It’s primary day down in Georgia, and in the Atlanta suburbs north of town, there is a primary battle for a state legislative seat which pits a Tea Party guy against an establishment, business-backed GOP candidate. The odd twist: it’s the establishment guy challenging the Tea Partier. Usually it’s the other way around. The twist which make this germane to HBT: one of the issues is the deal Cobb County made with the Braves to move them out of downtown Atlanta and into a new ballpark.
The entire story, along with the arguments from each side about the merits of giving taxpayer money to the Braves can be read over at Nathaniel Rakich’s excellent Baseball Ballot blog. For our purposes, know that for all of you guys who like to call me a flaming pinko, I have at least one thing in common with the Tea Party guy:
“So what I would say to the Atlanta Braves is, ‘We would love to have you. You, just like any other business, you take out your loan. You build your stadium. You buy your land. You make your investment. You take the risk, and you keep all the profits,'” Gregory said. “We don’t need to be putting or socializing the risk on the backs of taxpayers. It really is legal plunder, corporate welfare, corporatism, whatever you want to call it. The taxpayers don’t need to fund private business.”

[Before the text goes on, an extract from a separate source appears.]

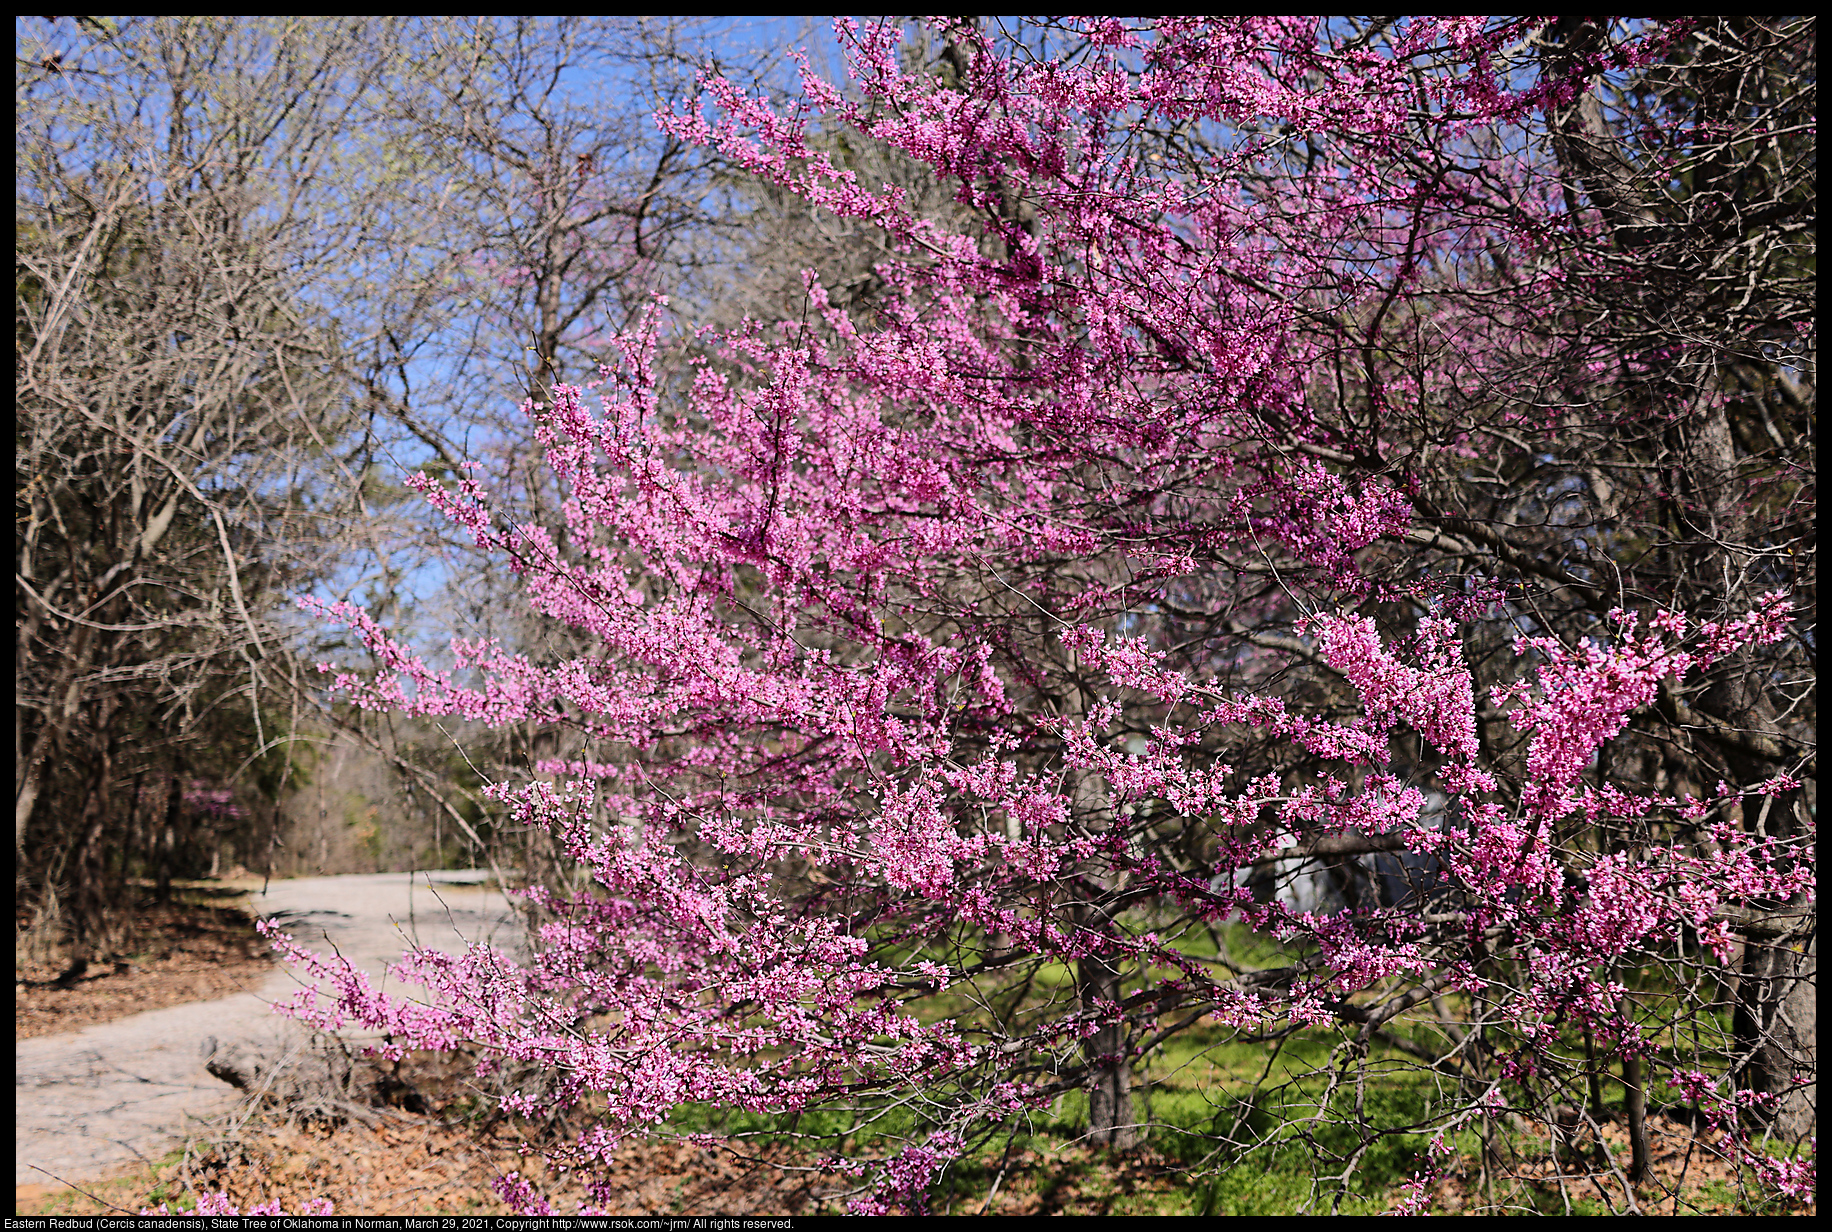 Eastern Redbud (Cercis canadensis), State Tree of Oklahoma in Norman, March 29, 2021

Gregory said he would love to have a water park in his backyard, but understands the government is not going to give him the money to build one.
Couldn’t have said it better myself.
Of course, if I lived in the district I’d be totally willing to vote for his pro-stadium deal opponent given that this Gregory cat is insane on just about every issue I care about. You can’t go very far in life being a single-issue voter as it is, but being a single-issue voter on stuff like ballpark financing is bound to lead you into trouble eventually. I rant about it here, but when you see the tradeoffs you make in picking a candidate based on that stuff I’m a bit more measured about it all.
Politics, man. They’re rather complicated. Someone should talk about this more.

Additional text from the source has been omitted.